The Republican proposal for the Executive Council keeps the districts as currently drawn, including dragon-shaped District 2. The Democratic proposal would break up District 2, which has long been held up as an example of gerrymandering – it stretches from one side of the state to the other – “packing” Democratic-leaning municipalities into the same district. That, in turn, makes the surrounding districts more solidly Republican and less competitive.
“It’s widely known as a gerrymandered map,” said Brian Beihl, deputy director of Open Democracy, who said the decision to preserve it was puzzling, in light of Gov. Chris Sununu’s acknowledgement that District 2 is gerrymandered. “He acknowledges that it’s gerrymandered, but nobody seems to care about that anymore,” Beihl said.
Open Democracy expects to complete its analysis of both the Republican and Democratic maps by Thursday. A hearing will be held in Representatives Hall at the State House on Jan. 10 from 1 to 4 p.m. so members of the public can comment on the draft maps. Comments may also be submitted to [email protected].

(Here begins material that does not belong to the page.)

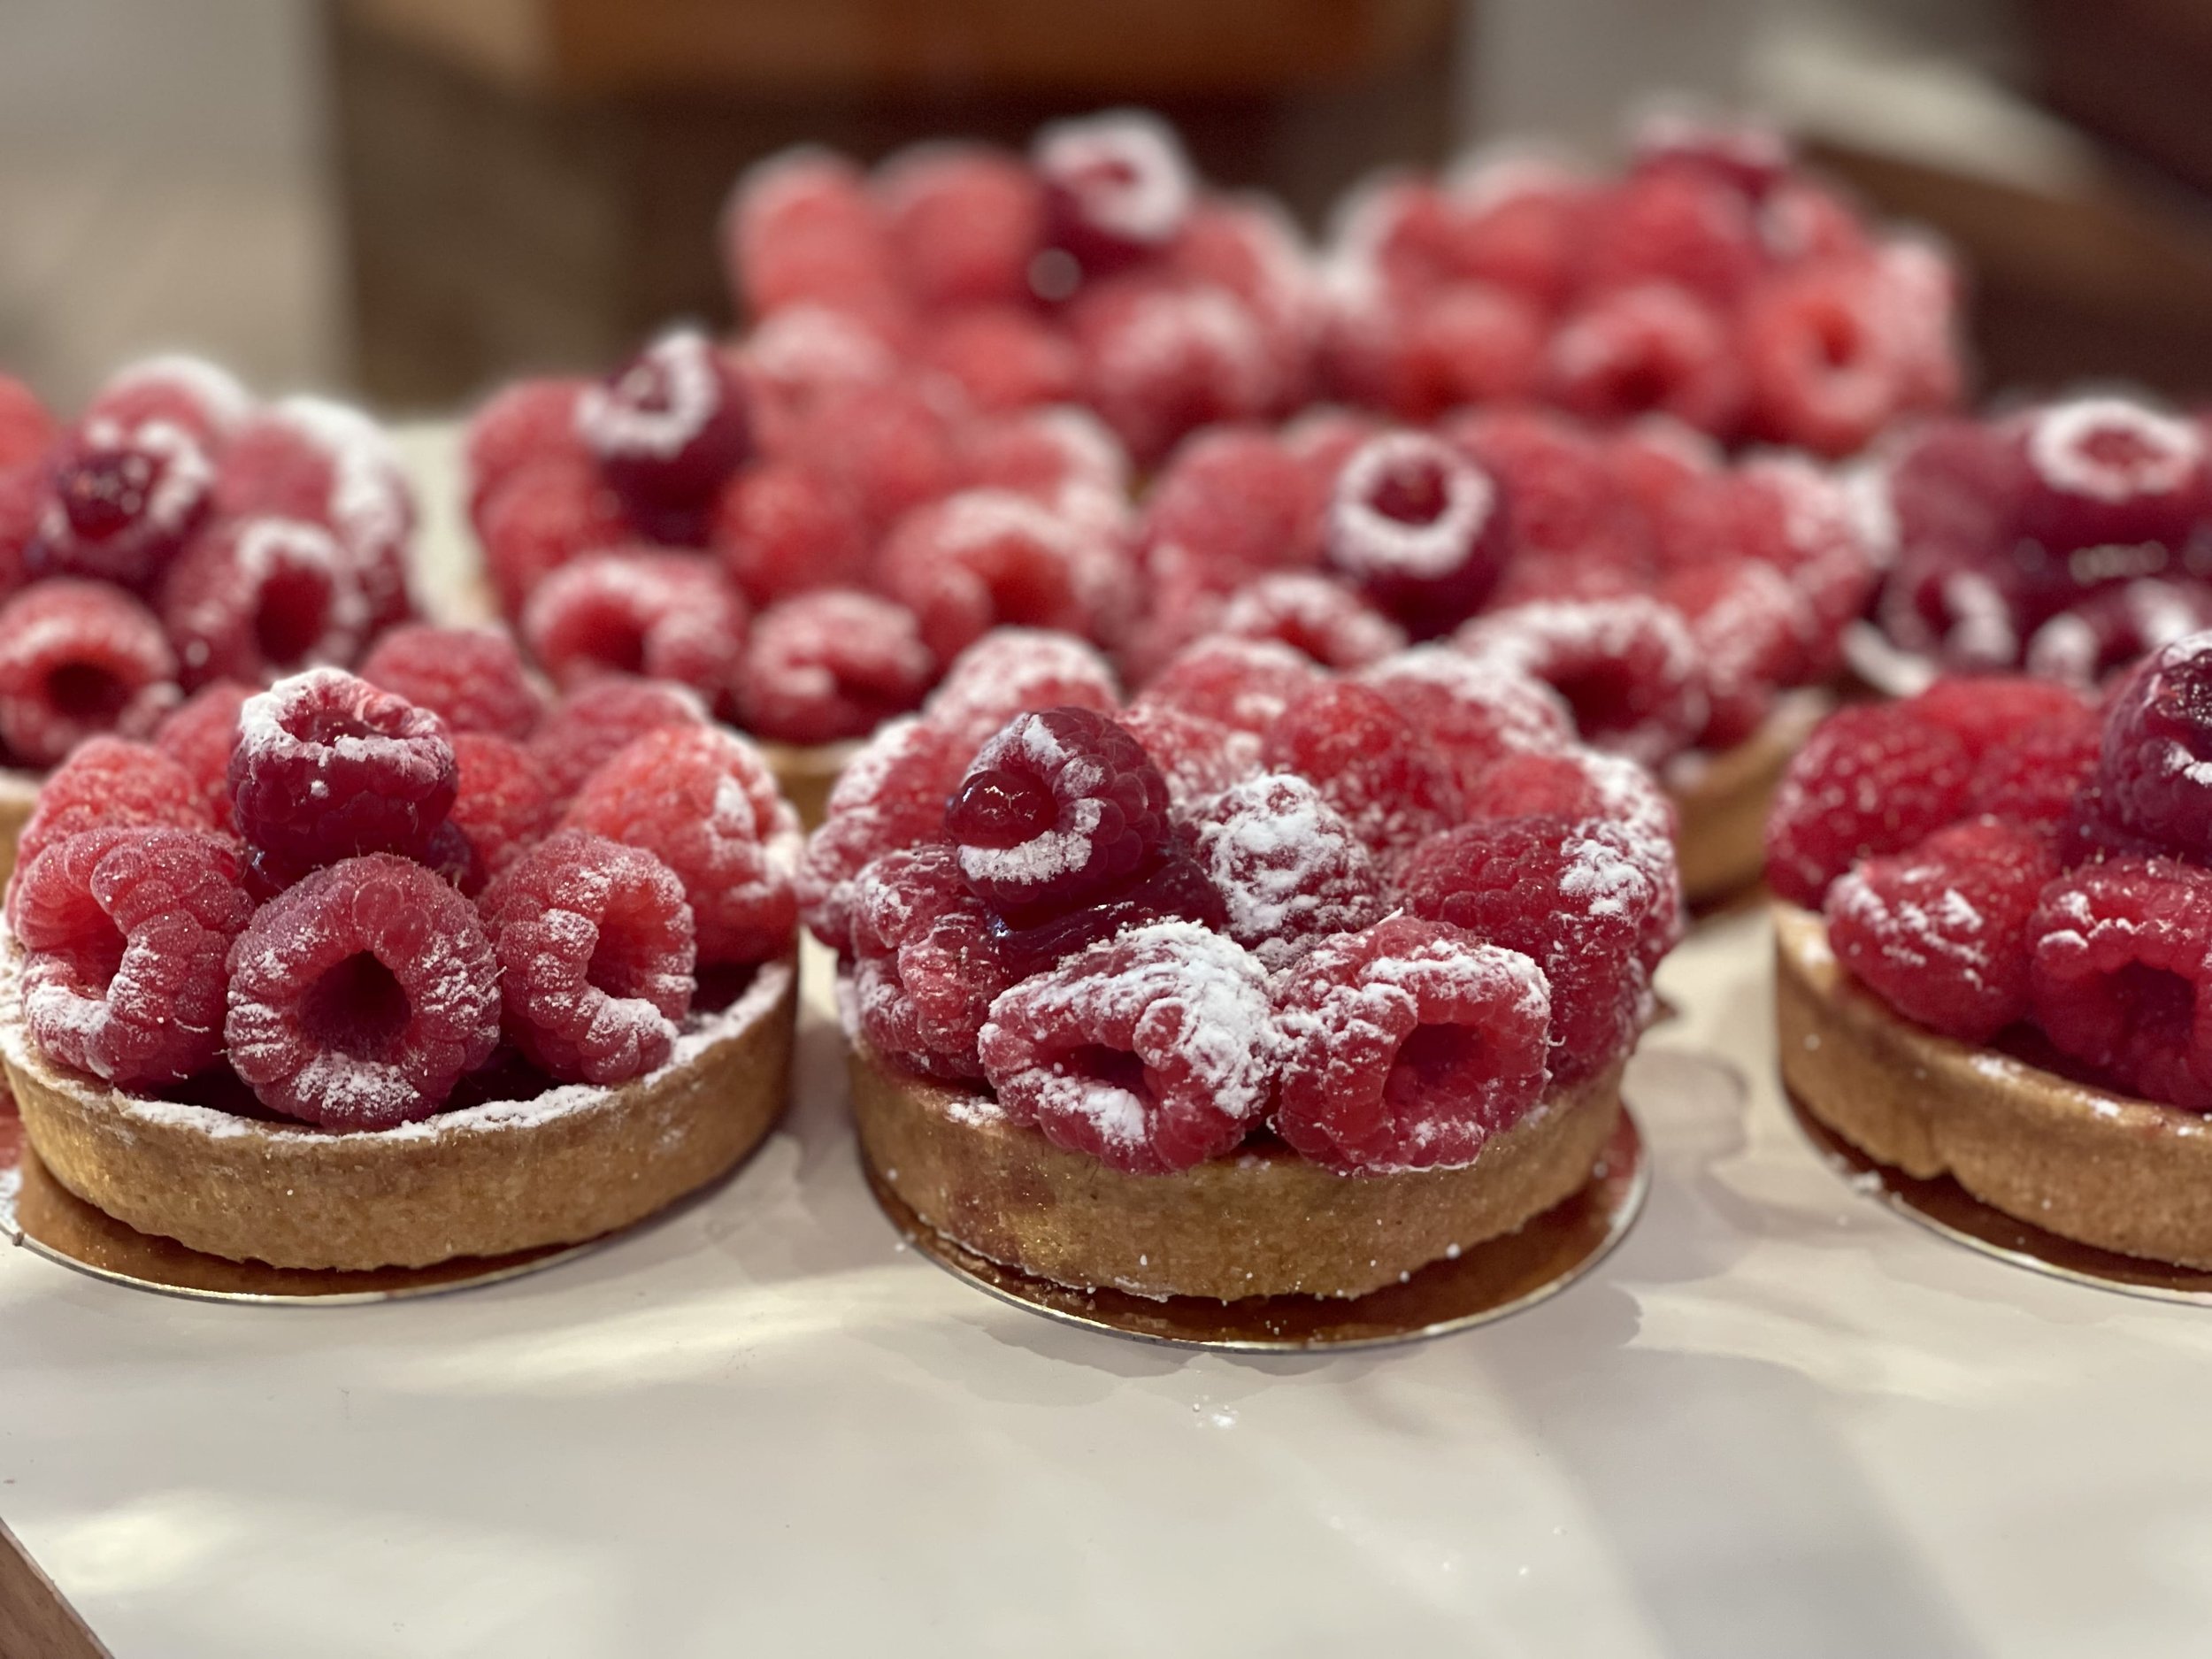 Delicious Tartes Framboises, raspberry tarts, at a Parisian  pâtisserie

Starting Wednesday, the House will vote on the maps proposed by the House Special Committee on Redistricting for congressional, House, and county commissioner districts. At least two representatives are putting forward alternative plans for these maps: 2016 Libertarian nominee for governor Rep. Max Abramson proposed a map with congressional districts that Open Democracy found to be competitive, but which would not pass technical muster, according to the organization.
And Rep. Norm Silber has an amendment that would tweak the map for county commissioner in Belknap County.